How I write academic papers

If there is one thing I have done plenty during my years of academic research in mathematical biology, ecology, genetics, and environmental sciences, it has been writing academic papers. As of September 2018, one year after having switched career from academia to industry, I have first-authored more than 30 papers in peer-reviewed journals. Three a year, give or take, and many others as a co-author. Some of them have been published in quite popular journals. Others, I could have spent my time enjoying the great outdoors instead of writing. 

For the vast majority of those papers, I got the idea behind the work, did the analyses, wrote the article, and dealt with revisions – all challenging tasks, especially the last one. We submit the paper along with our dreams of appreciation and the answer is: meh. Not novel; too long; who cares. Maybe I took too many papers and responsibilities on my shoulders, but it was aligned with my personality. And along the way, I learned a thing or two about writing papers. There are many useful resources out there on how to write an academic article, so I will focus on some points that have not been discussed as much as how to properly format citations. 

  1. Fewer goals are better than more goals, and concise is better than verbose. Many times I made the mistake of wasting the reader's attention by writing details that were interesting for just one person: myself – which is the same person who had spent weeks getting into rabbit holes that nobody had dared to explore before. Ask yourself: what is the most relevant result you want the reader to be aware of, among the many meandering analyses that mostly led nowhere? Skip the sensitivity analysis that took ten days to code, five days to run, and ten minutes to see that there was nothing there. Focus on the most relevant result. There is always another day for the less useful and that day is not today. I had to re-learn this lesson quite a few times.

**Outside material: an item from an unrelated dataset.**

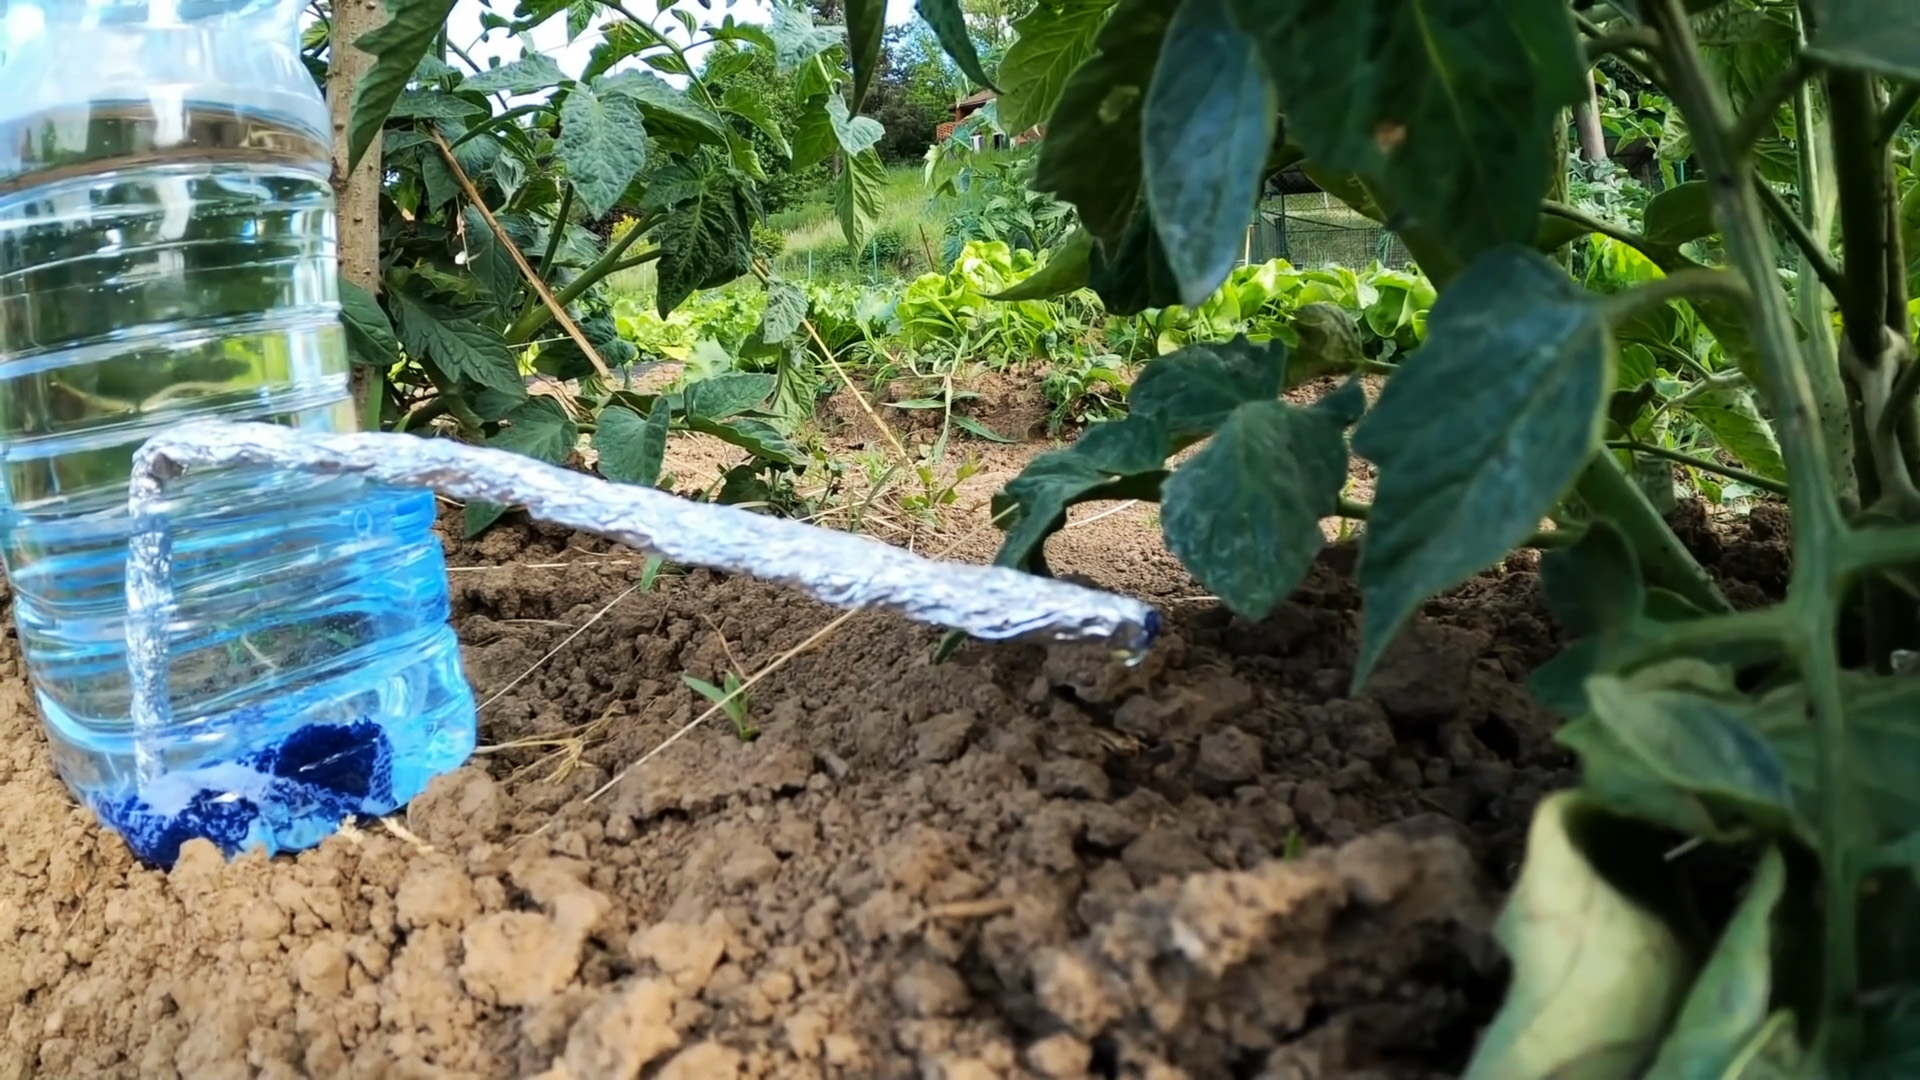 Капельная система полива из ПЭТ бутылок - сэкономит воду и силы на полив, повысит урожай

  2. Use as little jargon as possible, and use simple words. Aside from the very little impact of much of the work we do in academia, often motivated by our research obsessions, fights over minuscule turfs, writing one more paper to beef up our CV or getting one more grant to keep the lab running, using jargon very much limits the use of our findings and insights outside of our tiny academic circle.
  3. Re-use, in spirit, paragraphs that have been already used in other papers or that were cut before publication. This point might be controversial, but a paper is not a novel, as its primary goal is to describe and teach, not entertain, and a solid paragraph that has already been used is better than a weaker one that has never been used. Don't copy, but look close. Then, being efficient is a virtue, being clear is a worthwhile aspiration, and complicating our life is a vice.

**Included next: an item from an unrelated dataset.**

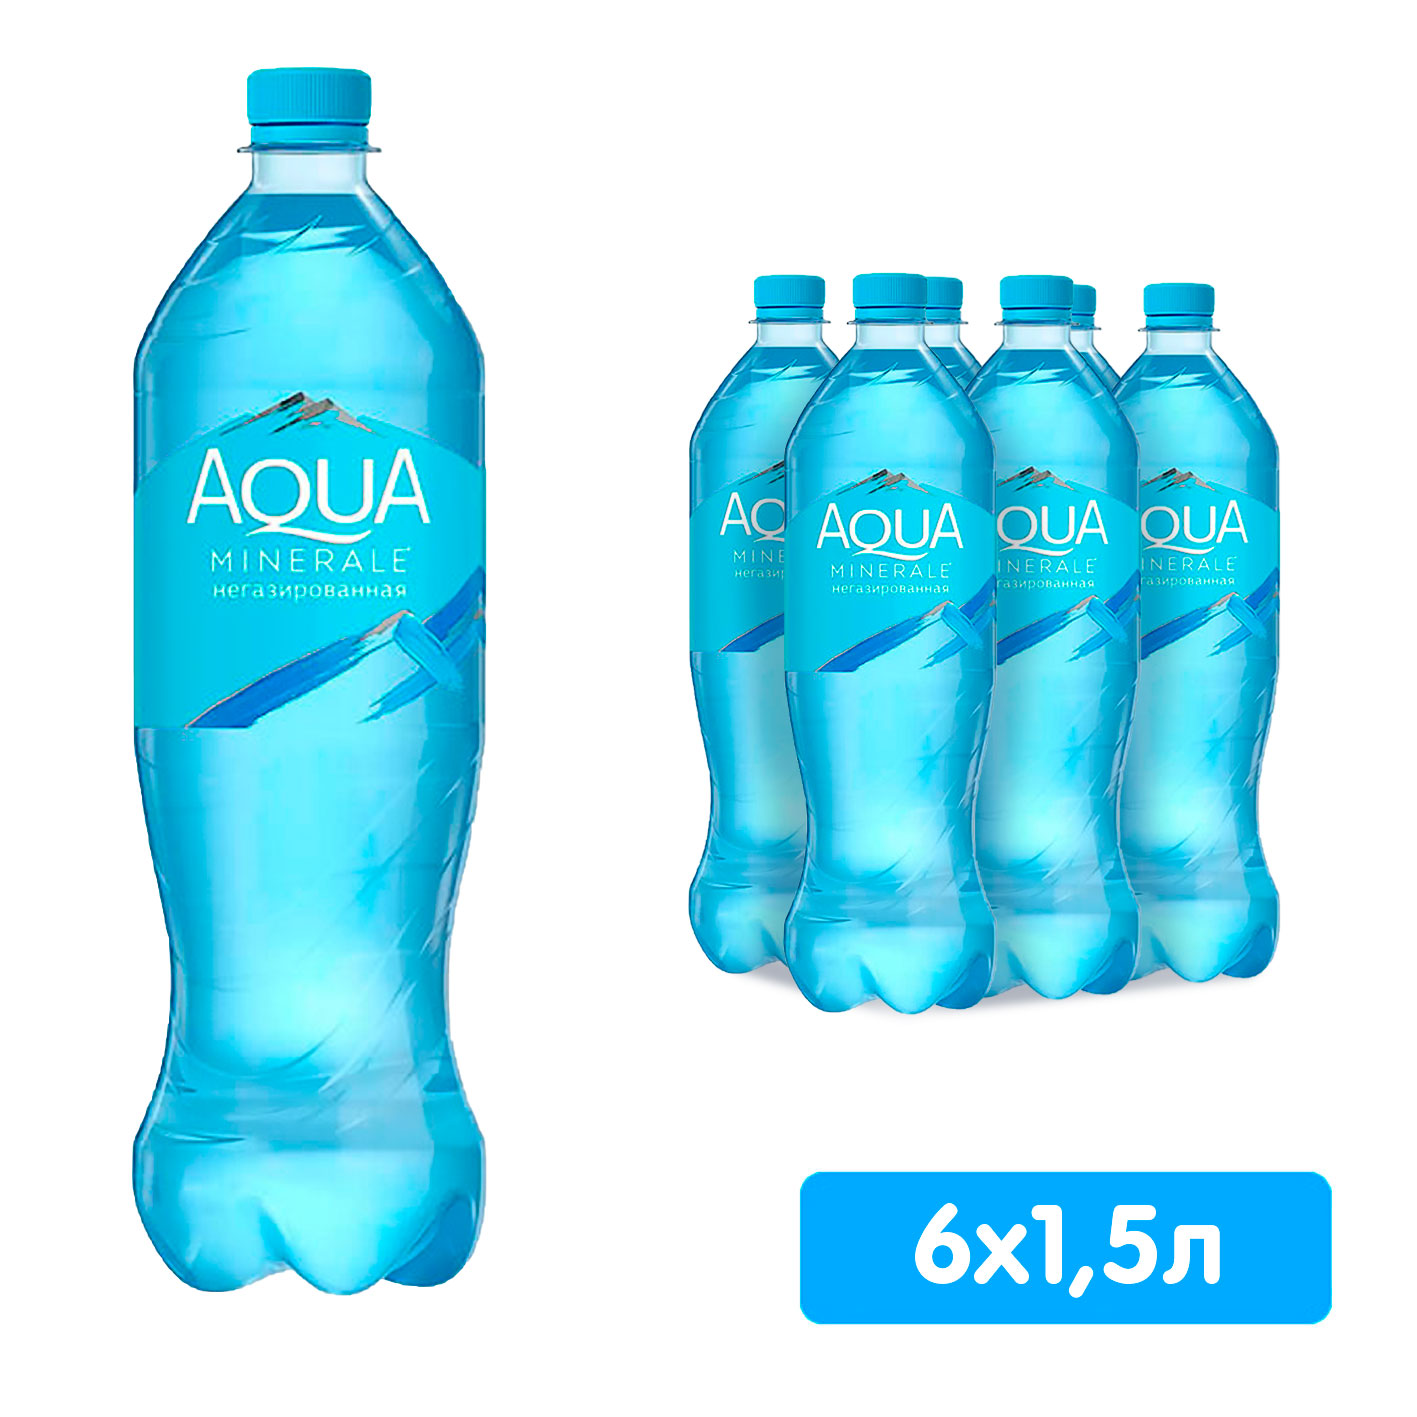 Вода Аква Минерале 1.5 литра, без газа, пэт, 6 шт. в уп Вода Аква Минерале 1.5 литра, без газа, пэт, 6 шт. в уп. - фото 1

  4. Write, edit, write again, let it simmer, re-organize, be brave and cut that sentence that never seems to sound right. Writing is messy; at least, it's always been messy for me. You write a paragraph you think is brilliant and when you re-read it after a week, you ask yourself whether it is possible to write that unintelligible paragraph while sober. Like Michelangelo apocryphally said, perhaps the final draft is hidden within the gory mess of the first draft. Dig hard, let it sit, look at the creation, get some distance, dig again. The paper is never ready, but it comes the time when you should abandon it and move on. It's going to come back anyway.
  5. Introduction: 6-800 words – big picture, specific problem, how you solved it, big picture again. Cliché, but it works. Materials and Methods: no more than 1000 words – detailed where it matters and concise elsewhere. Results: maximum of 4 sub-sections, 200 words at most. Discussion: 800 to 1500 words – punch-section of 300 words, 300 words for each of the Results sub-section. These have been useful guidelines. The rest goes to Supplementary Material, but only if we strongly believe it helps us get the paper accepted. At first approximation, nobody ever downloaded any of my 20-page long Supplementary Materials.  

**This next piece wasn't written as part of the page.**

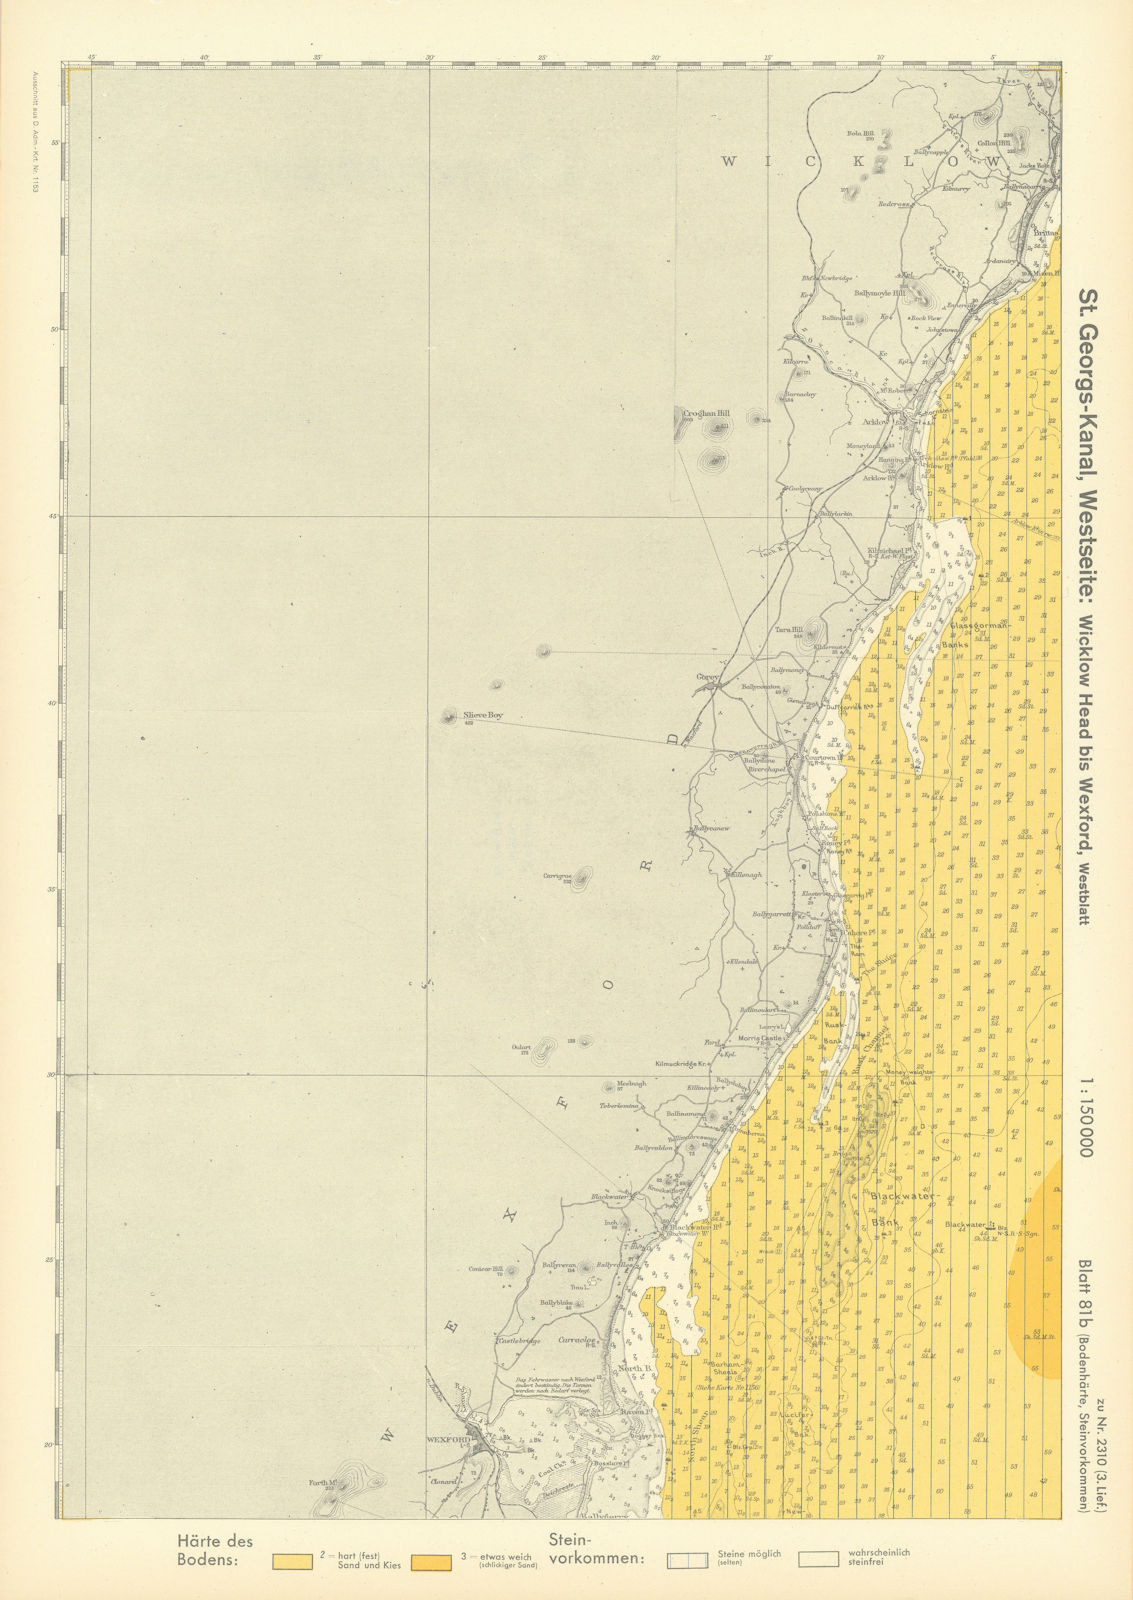 81b. Ireland coast. County Wicklow & Wexford. KRIEGSMARINE Nazi map 1940

  6. Don't be afraid of being frustrated or disappointed or of wasting time writing, then deleting, then re-organizing. My theory of periods says that sometimes things work flawlessly and sometimes they don't work at all. The reason is often unknown and sometimes unknowable. Embrace the frustration, push through the disappointment, believe it will work out at the end. If it is not your first paper, you have already done it. If it is your first paper, many other people thought they couldn't, and then they did it.
  7. Writing a paper is a process within the process of writing many papers. Some reviews are less intelligible than abstract art; some are downright mean; some help us improve our work. And it is very human to think we have never been appreciated enough. As individuals, we can do very little to make the peer-review system fairer, but we can always focus on the process of writing that paper within the more extensive, writing-many-papers career-wide process.
  8. Read brilliant articles, save the sections you like the most, ask yourself why you like them, use the structure, words, flow in your papers. 

900 words, a bit more than needed for a concise Introduction.